Chemoenzymatic Total Synthesis of Hydromorphone by an Oxidative Dearomatization/Intramolecular [4 + 2] Cycloaddition Sequence: A Second-Generation Approach

A second-generation approach to the synthesis of hydromorphone by oxidative dearomatization/Diels–Alder cycloaddition was investigated. Detailed analysis of the stereochemical outcome of the [4 + 2] cycloaddition was performed first on a truncated model system as well as on the material leading to ent-hydromorphone. The stereochemical assignments were made by NMR and X-ray methods. The second-generation synthesis of hydromorphone was completed in both enantiomeric series. Improvements in the dearomatization conditions were attained using hypervalent iodine reagents instead of Pb­(OAc)4. Electrochemical methods of oxidative dearomatization were also investigated. New conditions enabling the rearomatization of ring A from the methoxyketal were developed, and a formal synthesis of the natural enantiomer of hydromorphone was completed. Experimental and spectral data are provided for all new compounds.

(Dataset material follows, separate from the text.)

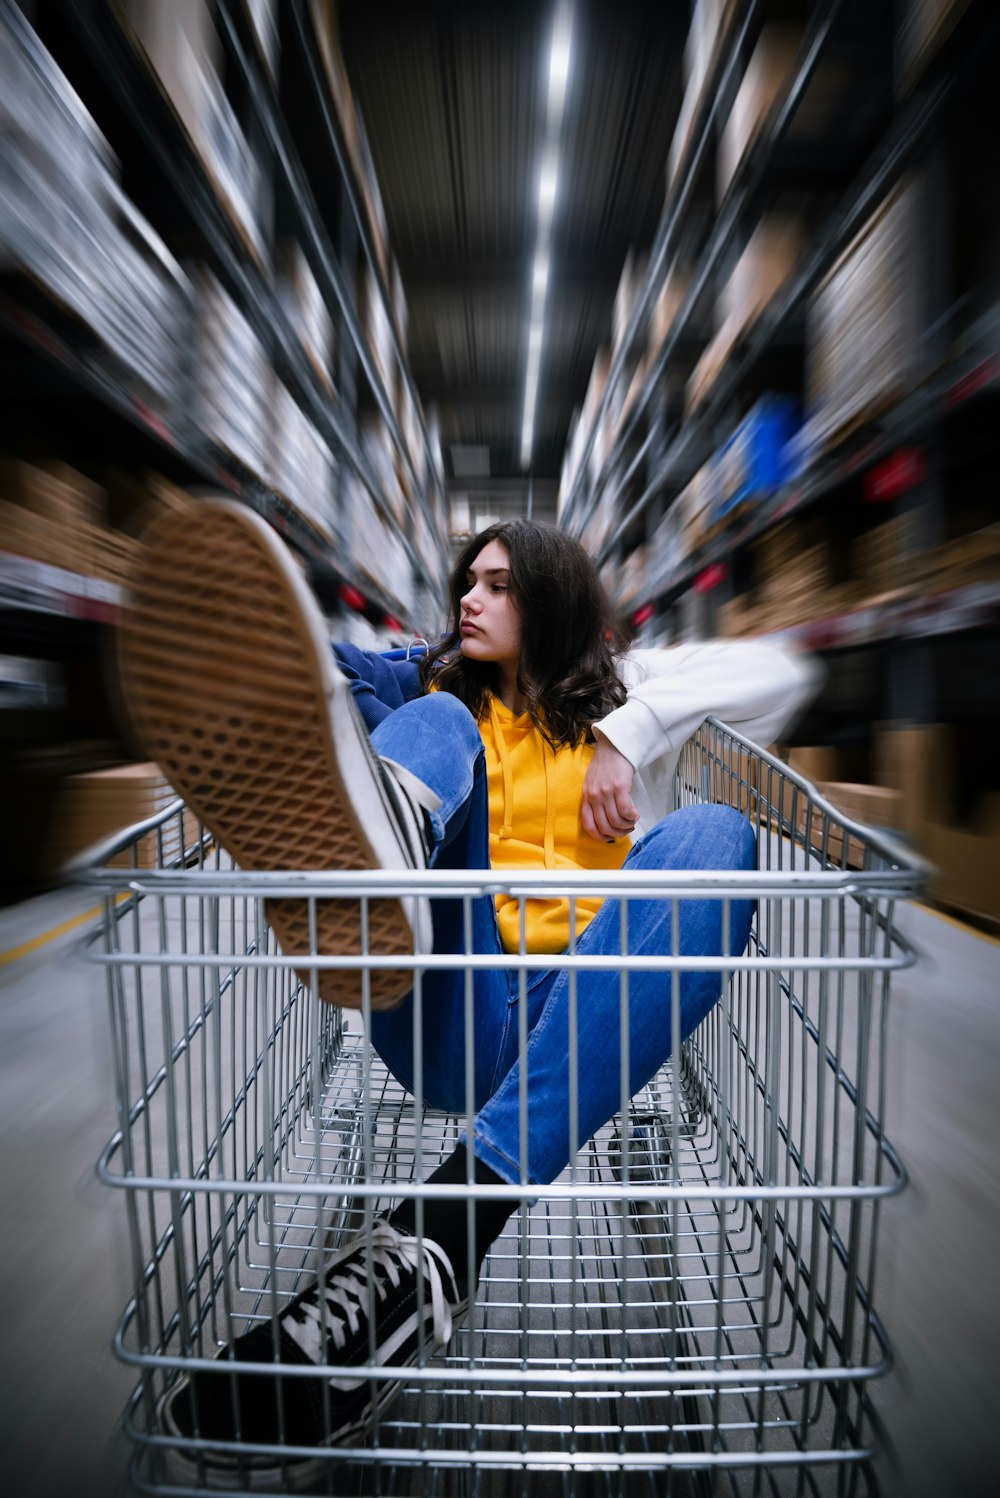 창고에서 쇼핑 카트를 타고 있는 여성의 선택적 사진

本研究针对氧化去芳构化/狄尔斯-阿尔德环加成（oxidative dearomatization/Diels–Alder cycloaddition）路径构建第二代氢吗啡酮（hydromorphone）合成方法展开系统探究。首先，率先针对截短模型体系及制备对映氢吗啡酮（ent-hydromorphone）的原料，对[4+2]环加成反应的立体化学结果开展详细分析。立体化学构型通过核磁共振（NMR）与X射线衍射法完成指认。两类对映异构体路线均完成了氢吗啡酮的第二代合成。采用高价碘试剂替代四乙酸铅（Pb(OAc)4），实现了去芳构化反应条件的优化。同时探究了电化学氧化去芳构化方法。开发了可由甲氧基缩酮实现A环再芳构化的新型反应条件，并完成了天然对映体氢吗啡酮的形式合成。所有新化合物均提供了实验与光谱表征数据。